» Work to be completed: Set down all of the data exactly. Pictures stay out of the copy.

» The data:
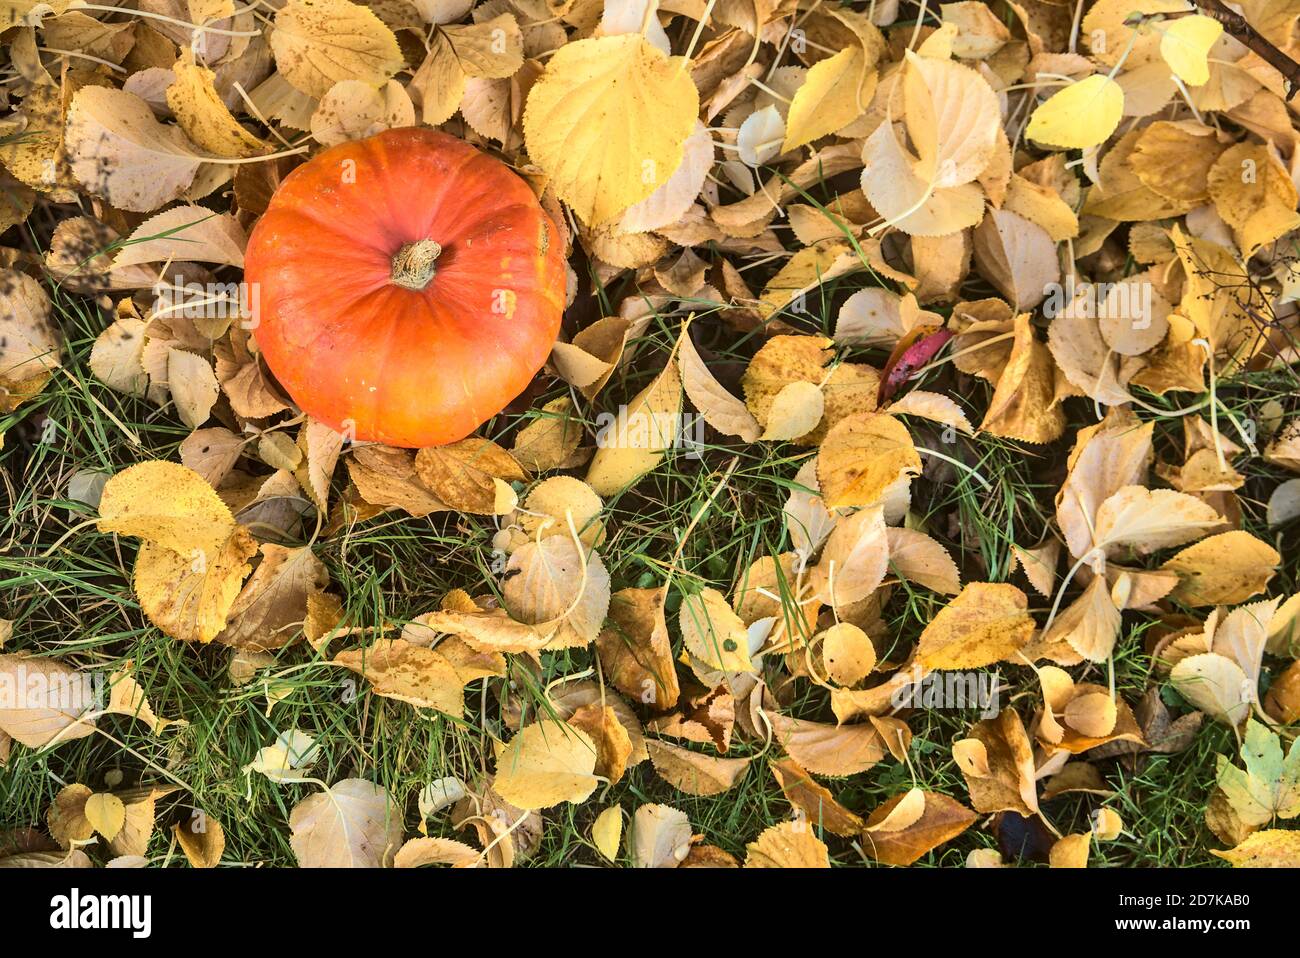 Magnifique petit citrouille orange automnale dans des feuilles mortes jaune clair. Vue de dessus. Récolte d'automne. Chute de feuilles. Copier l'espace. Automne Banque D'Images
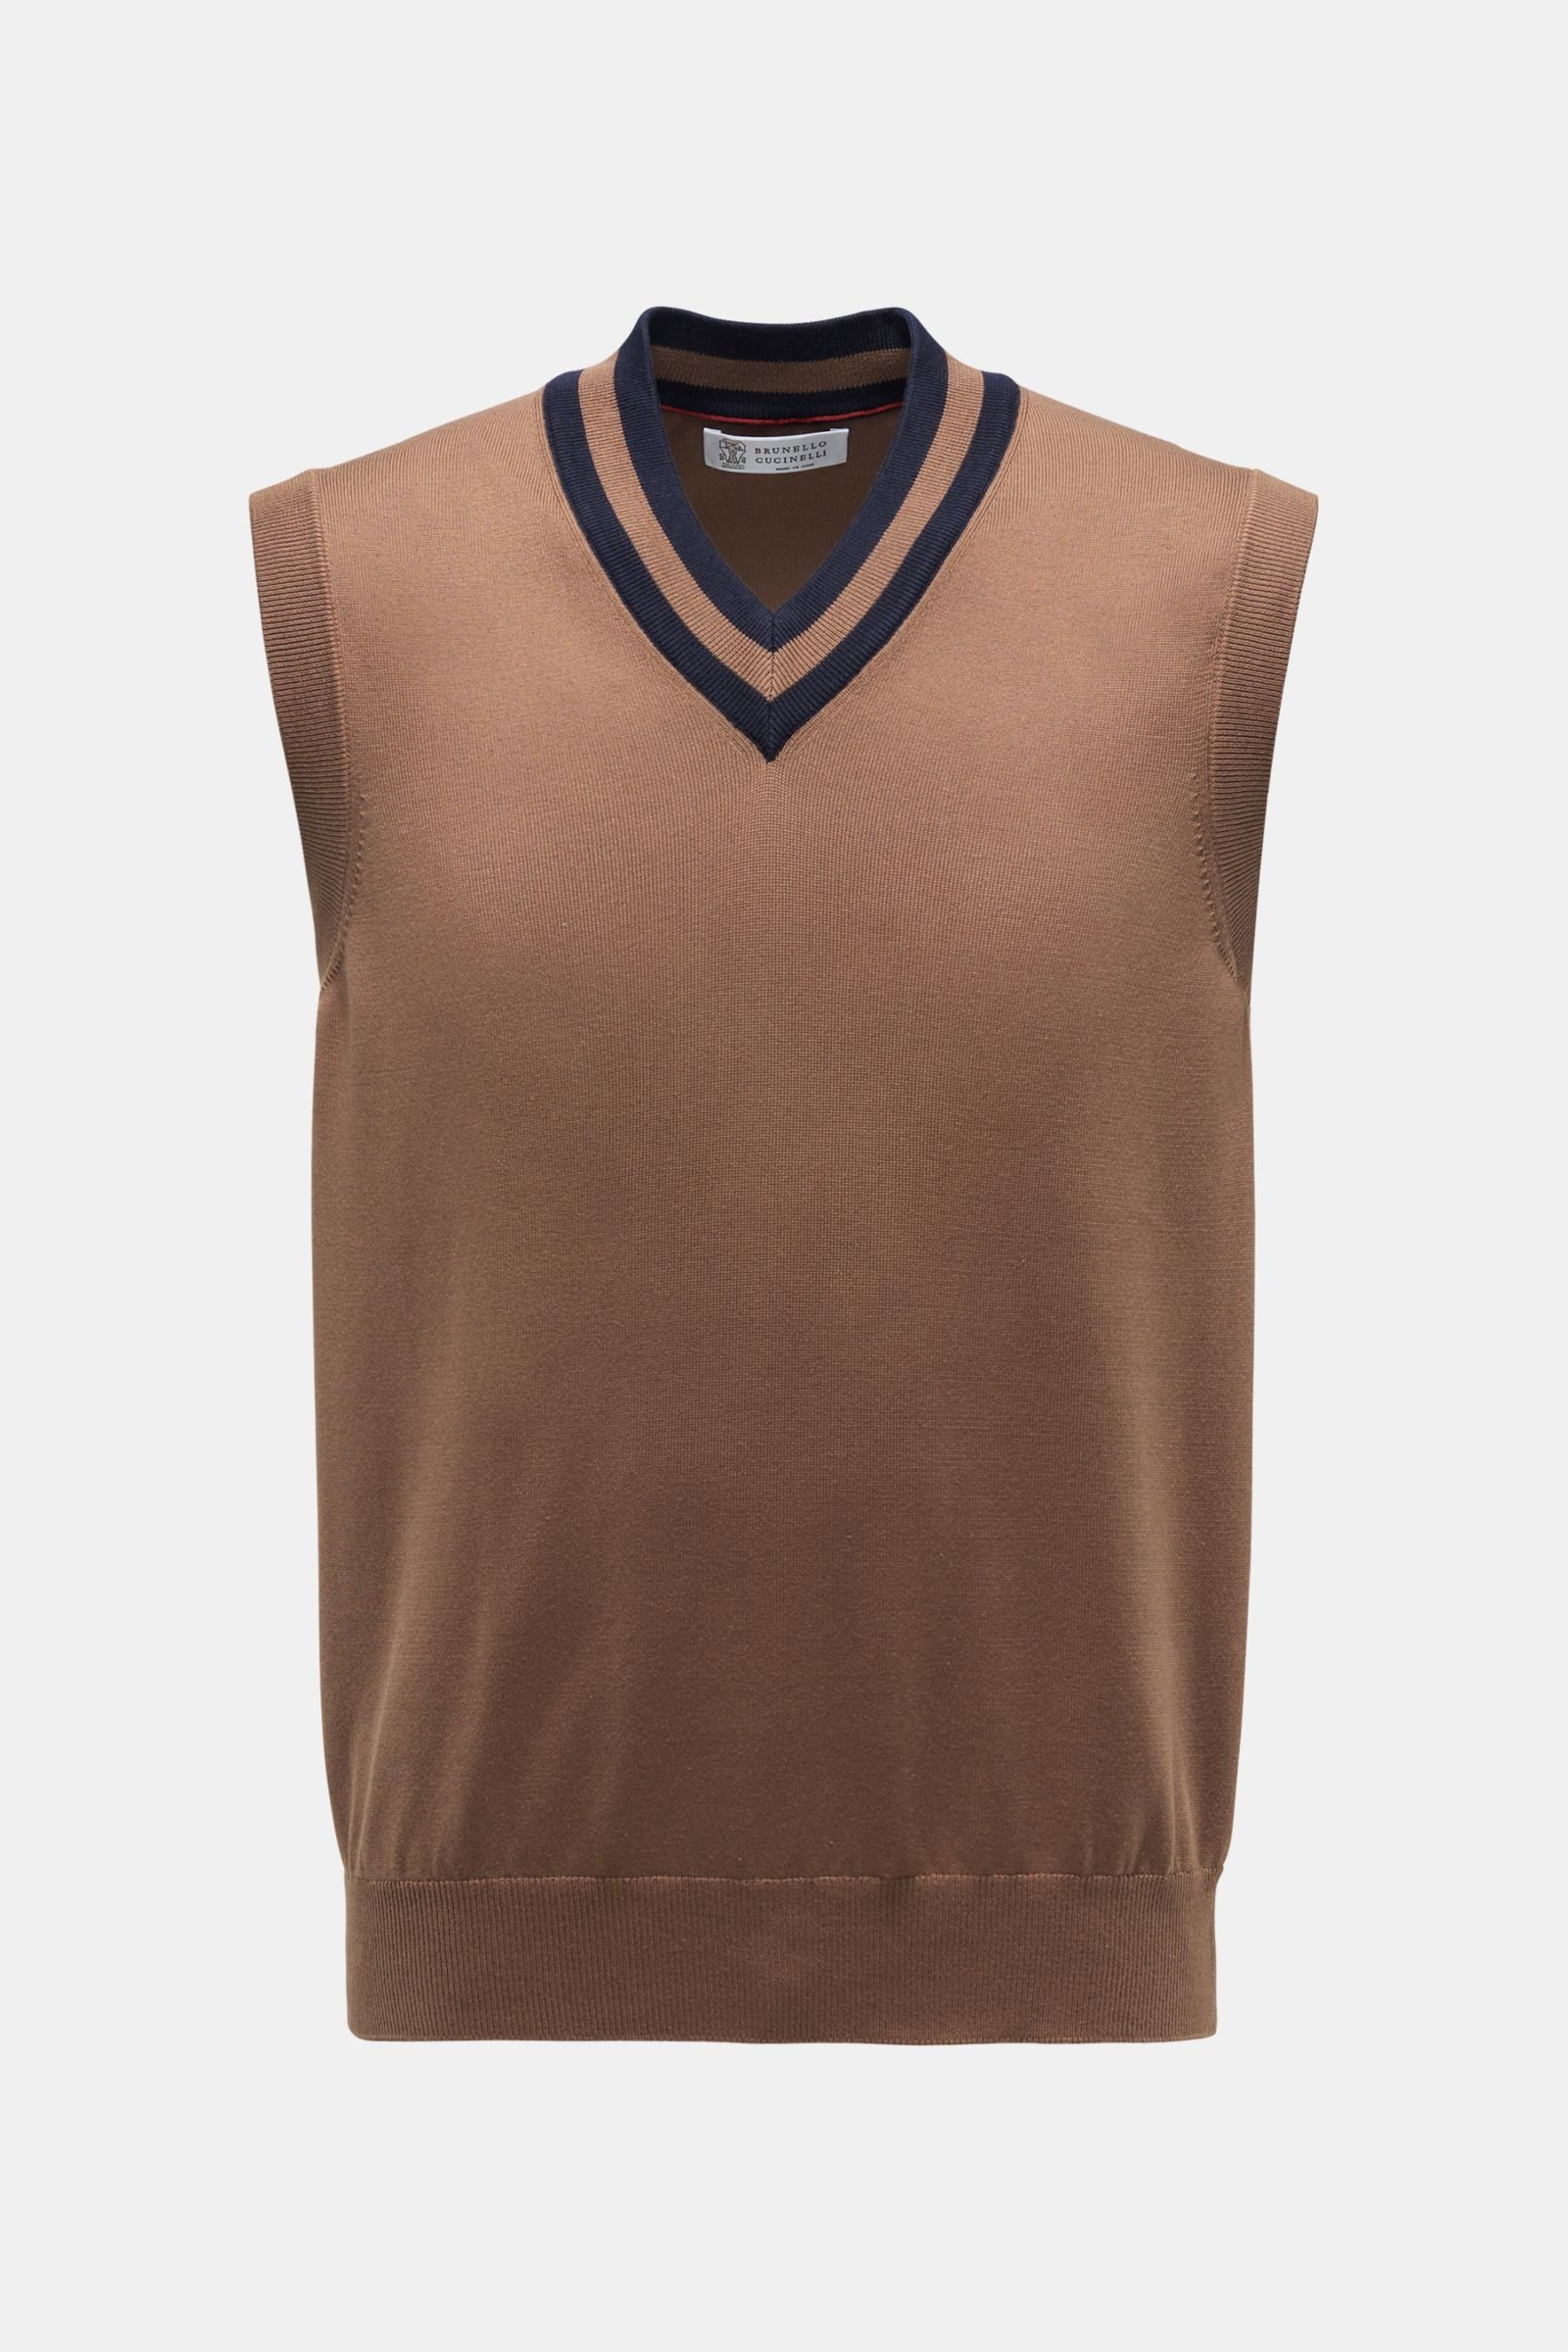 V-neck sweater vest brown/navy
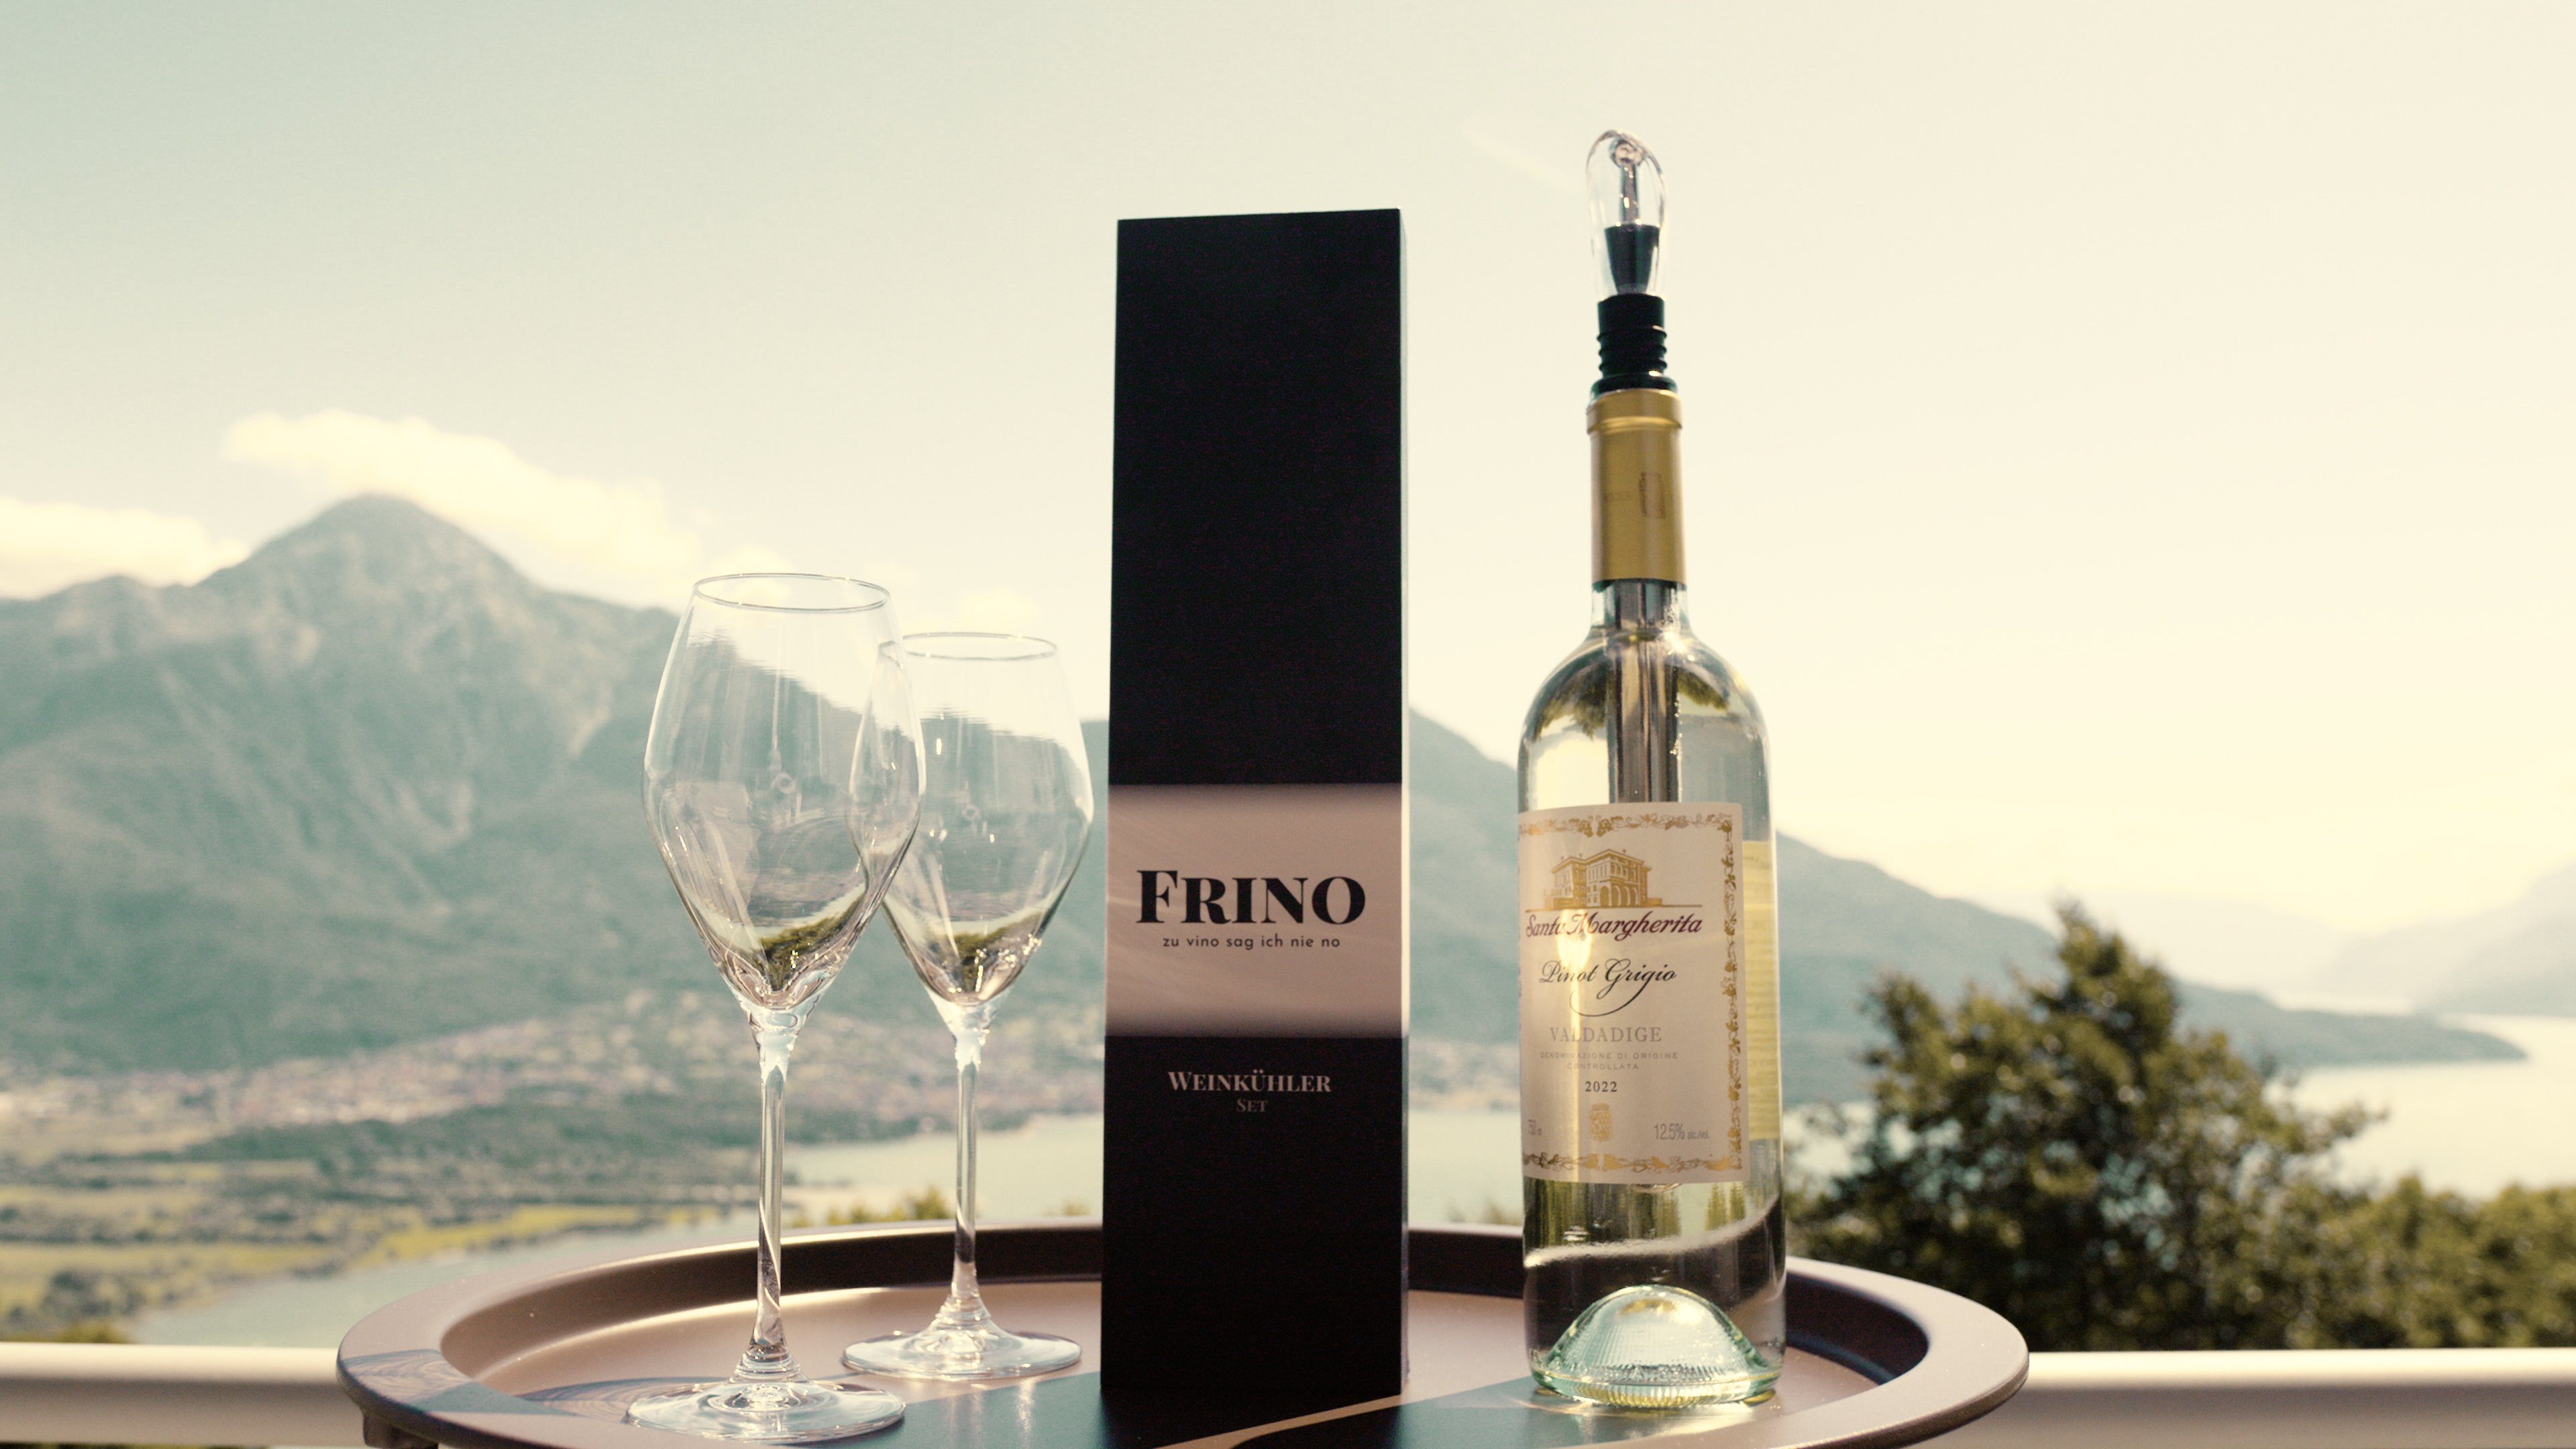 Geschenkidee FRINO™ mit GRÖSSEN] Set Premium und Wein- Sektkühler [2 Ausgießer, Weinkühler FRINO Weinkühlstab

» Task response:
 Magnifique petit citrouille orange automnale dans des feuilles mortes jaune clair. Vue de dessus. Récolte d'automne. Chute de feuilles. Copier l'espace. Automne Banque D'Images
 V-neck sweater vest brown/navy
 Geschenkidee FRINO™ mit GRÖSSEN] Set Premium und Wein- Sektkühler [2 Ausgießer, Weinkühler FRINO Weinkühlstab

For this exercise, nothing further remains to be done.